The Cross-Reference Table (xref table): the cross- reference counts links of all objects and elements that exist on file format, you can use this feature to see other pages contents (when the users update the PDF the cross-reference table gets updated automatically)

The Trailer: The trailer contains links to cross-reference table and always ends up with “%%EOF” to identify the end of a PDF file the trailer enables a user to navigate to the next page by clicking on the link provided

Start Attack!!!
Now we will start to install old version of Adobe Acrobat reader 9.4.6 or 10 through to 10.1.1 which are vulnerable to Adobe U3D Memory Corruption Vulnerability
We can create a malicious PDF by Metasploit framework so we can analyze it. Start opens the terminal and type msfconsole
As shown in the image on the right , we going to configure some settings on Metasploit variables to be sure that everything is working fine
The file has been saved on /root/.msf4/local
So we are going to move the file to Desktop for easier location by typing in the terminal
root@kali :~# cd /root/.msf4/local
root@kali :~# mv msf.pdf /root/Desktop
Wait for Analysis!
PDFid
Now we are going to use pdfid to see what the pdf constructs from the elements and objects and JavaScript and see if there is something interesting to analyze .
First Notice: The PDF has only one page, maybe its normal 🙂
Second Notice: There are several JavaScript objects inside, this is very strange.

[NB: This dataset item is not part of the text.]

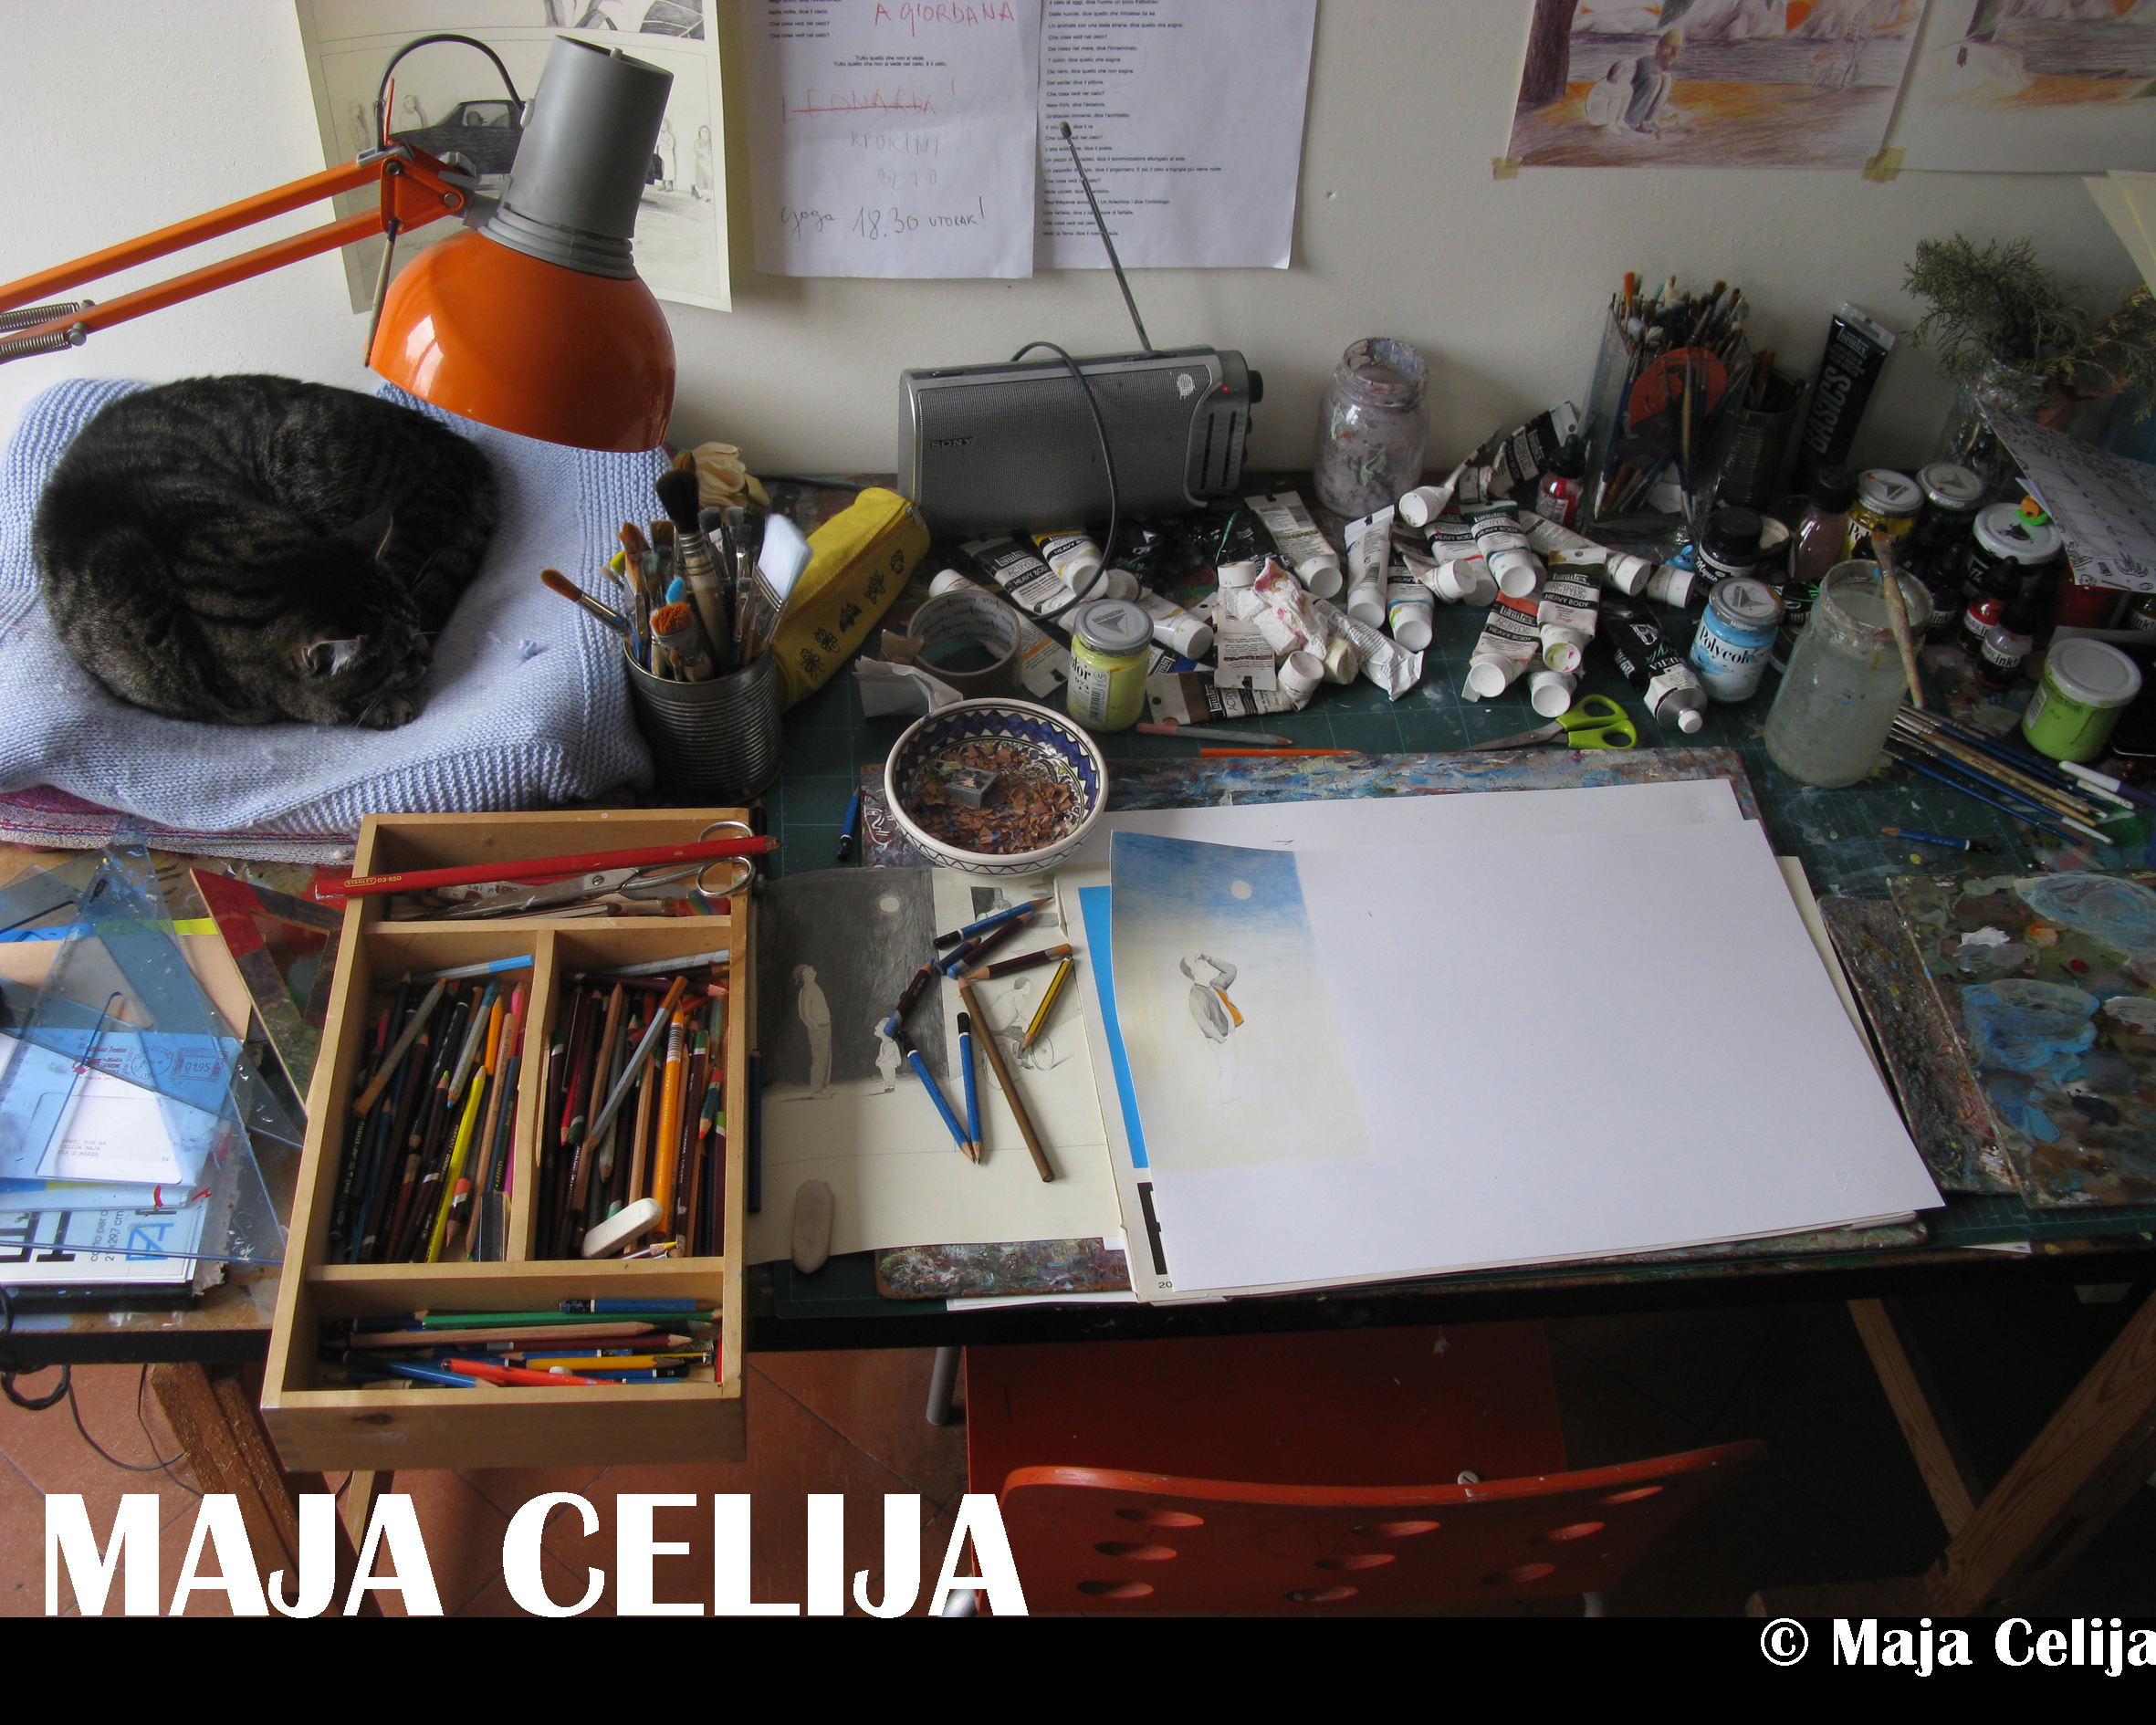 Maja Celija

Third Notice: There is also an OpenAction object which will execute a malicious JavaScript so we are going to use peepdf for deeper analysis
Deeper Analysis
Peepdf its python tool very powerful for PDF analysis, the tool provides all necessary components that security researcher need in PDF analysis, it support encryption, Object Streams, Shellcode emulation, Javascript Analysis, and for Malicious PDF it shows potential vulnerabilities, shows suspicious elements, powerful interactive console, PDF obfuscation (bypassing AVs), decoding: hexadecimal, – ASCII and HEX search … the list goes on…..
Rock and Roll !
If we going to start the analysis, go to the directory of the PDF file then start with syntax /usr/bin/peepdf –f msf.pdf
We use –f option to avoid errors and force the tool to ignore them
This is the default output but we see some interesting things first, the one we see is the highlighted object 15 continue JavaScript code and we have also have one object 4 continue two executing elements (/AcroForm & /OpenAction) and the last one is /U3D showing to us a Known Vulnerability for now we will start to explore this objects by getting an interactive console by typing syntax /usr/bin/peepdf –i msf.pdf
The tree commands shows the logical structure of the file and we start to explore object 4 (/AcroForm)

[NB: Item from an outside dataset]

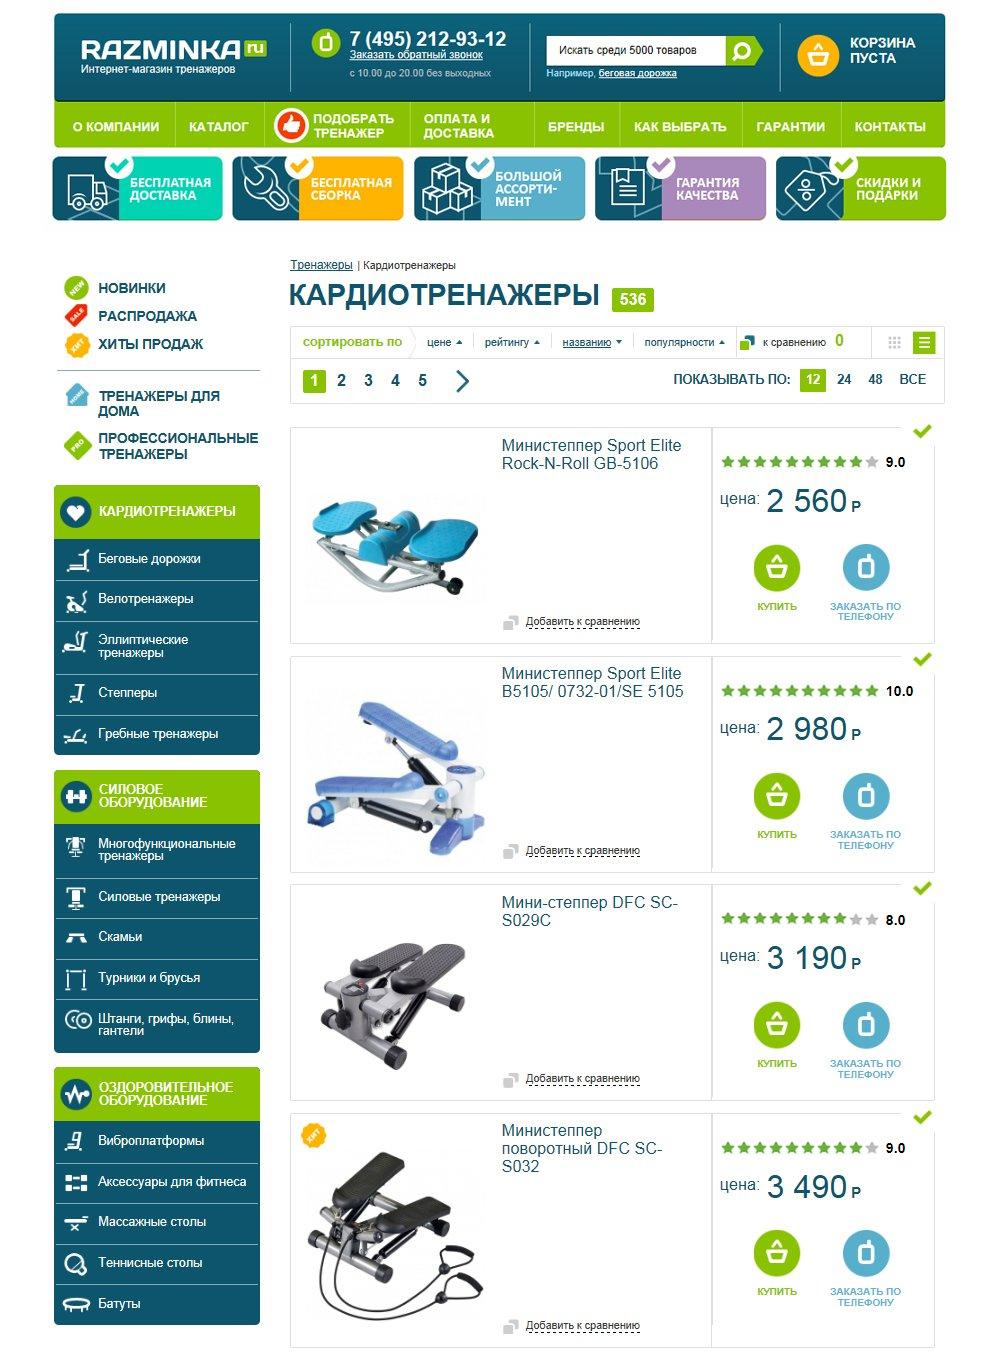 Каталог товаров на сайте интернет-магазина тренажеров Razminka.ru

As we see in the image when we type object 4 it gave you another objects to explore for now we didn’t see any important information or anything suspicious except object 2 (XFA array) that gave us the element which seems to us that is does not contain something special …

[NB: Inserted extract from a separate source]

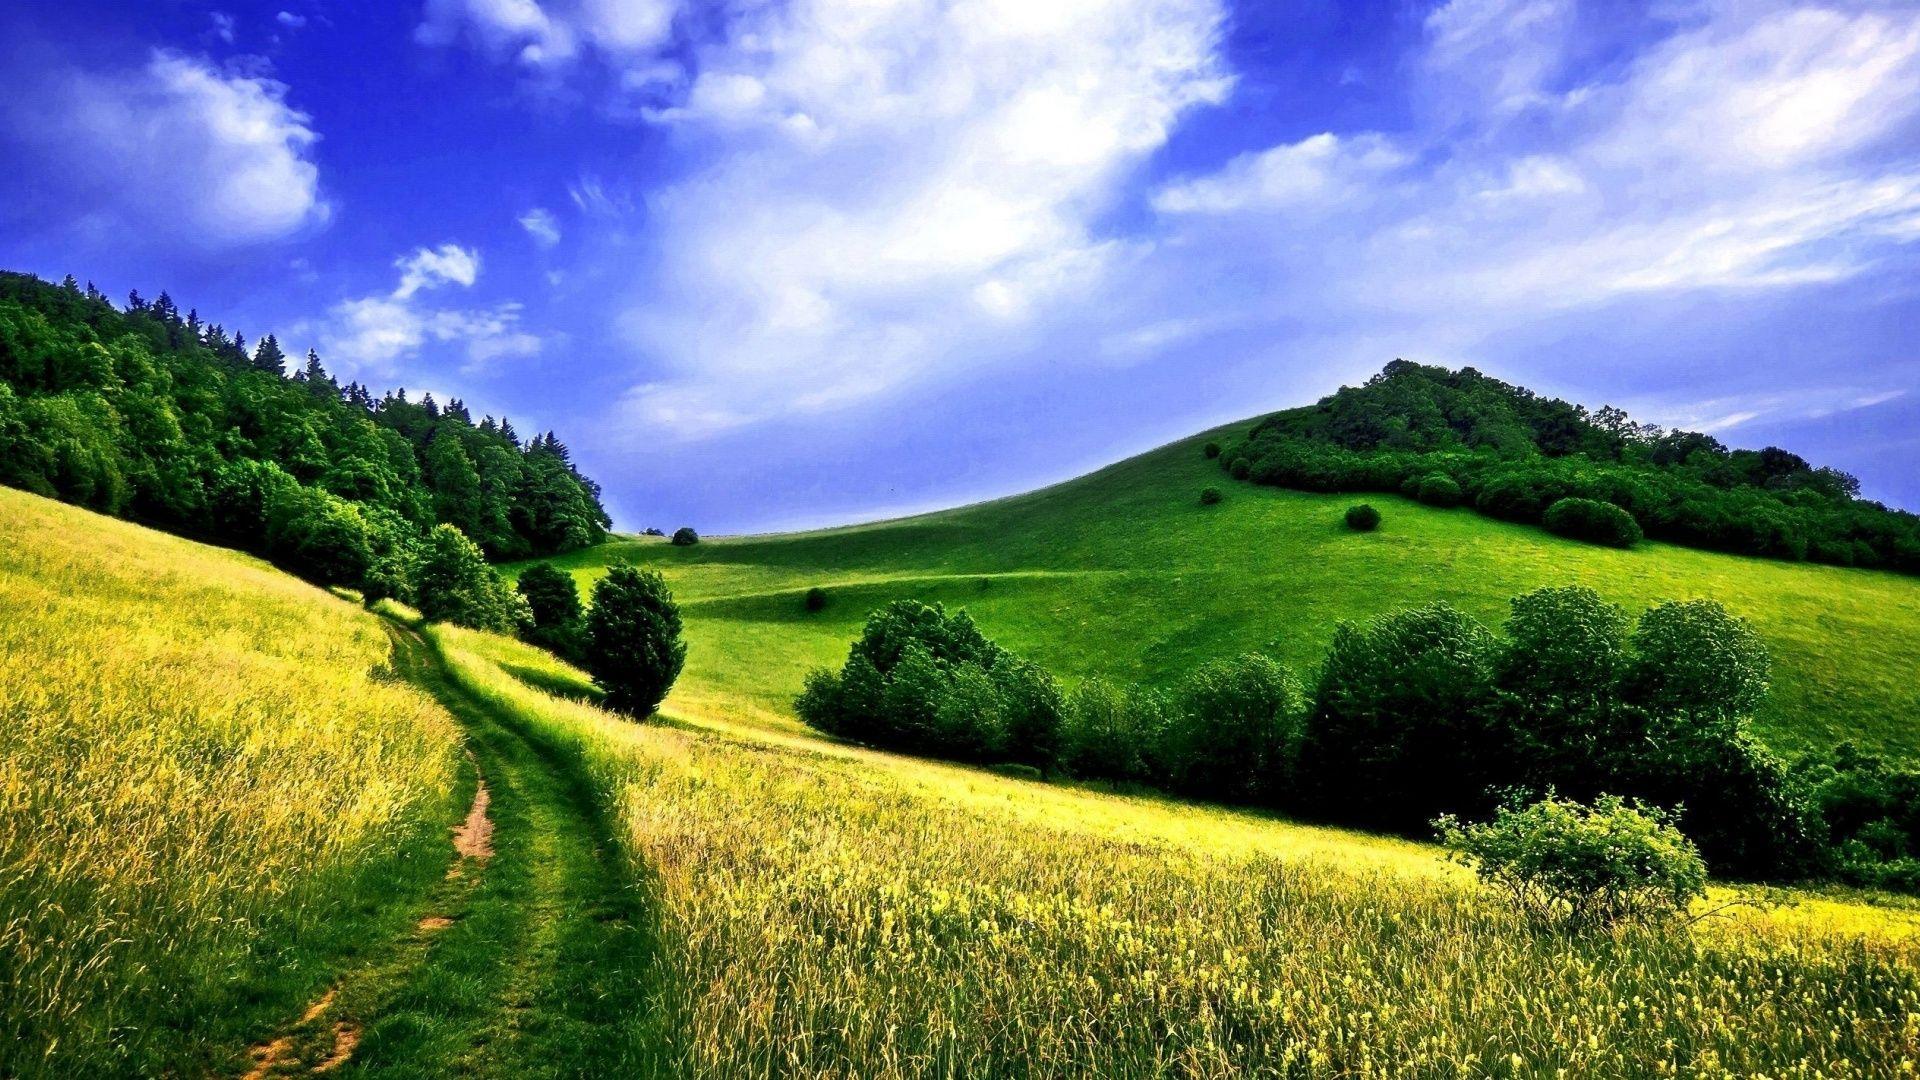 Meadow desktop wallpaper

Let’s move to the another object (Open Action)
No we can see JavaScript code, that will be executed when the pdf file will be opened
The other part of the JavaScript code is barely obfuscated like writing some variables in hex and in this code we can see a heap spraying with shell code plus some padding bytes. The attackers typically use Unicode to encode their shell code and then use the unescape function to translate the Unicode representation to binary content (now we are sure that this is definitely a malicious pdf)
Technology Mitigations
Lastline http://www.lastline.com/  which is a technology pioneer dedicated to stopping advanced and evasive malware, zero-day attacks. Lastline’s flexible Previct platform provides high-resolution malware analysis and protection; the required network security foundational layer capable of providing advanced malware detection capabilities. Evasive malware simply bypass traditional security controls  IPS, AV and next generation firewalls since they are signature based.
Malicious PDF files attacks – Lastline is able to analyze these attacks by putting the malicious files through a fully emulated sandbox and evaluates each stage of the attack life-cycle using binary level code analysis.
As DTS Solution we are the leading providers of Breach Detection System – Lastline in (United Arab Emirates) UAE region,
General Mitigations
Malicious PDF mitigation techniques by ensuring;

Start Attack!!!

Now we will start to install old version of Adobe Acrobat reader 9.4.6 or 10 through to 10.1.1 which are vulnerable to Adobe U3D Memory Corruption Vulnerability
We can create a malicious PDF by Metasploit framework so we can analyze it. Start opens the terminal and type msfconsole
As shown in the image on the right , we going to configure some settings on Metasploit variables to be sure that everything is working fine
The file has been saved on /root/.msf4/local
So we are going to move the file to Desktop for easier location by typing in the terminal
root@kali :~# cd /root/.msf4/local
root@kali :~# mv msf.pdf /root/Desktop
Wait for Analysis!
PDFid
Now we are going to use pdfid to see what the pdf constructs from the elements and objects and JavaScript and see if there is something interesting to analyze .
First Notice: The PDF has only one page, maybe its normal 🙂
Second Notice: There are several JavaScript objects inside, this is very strange. 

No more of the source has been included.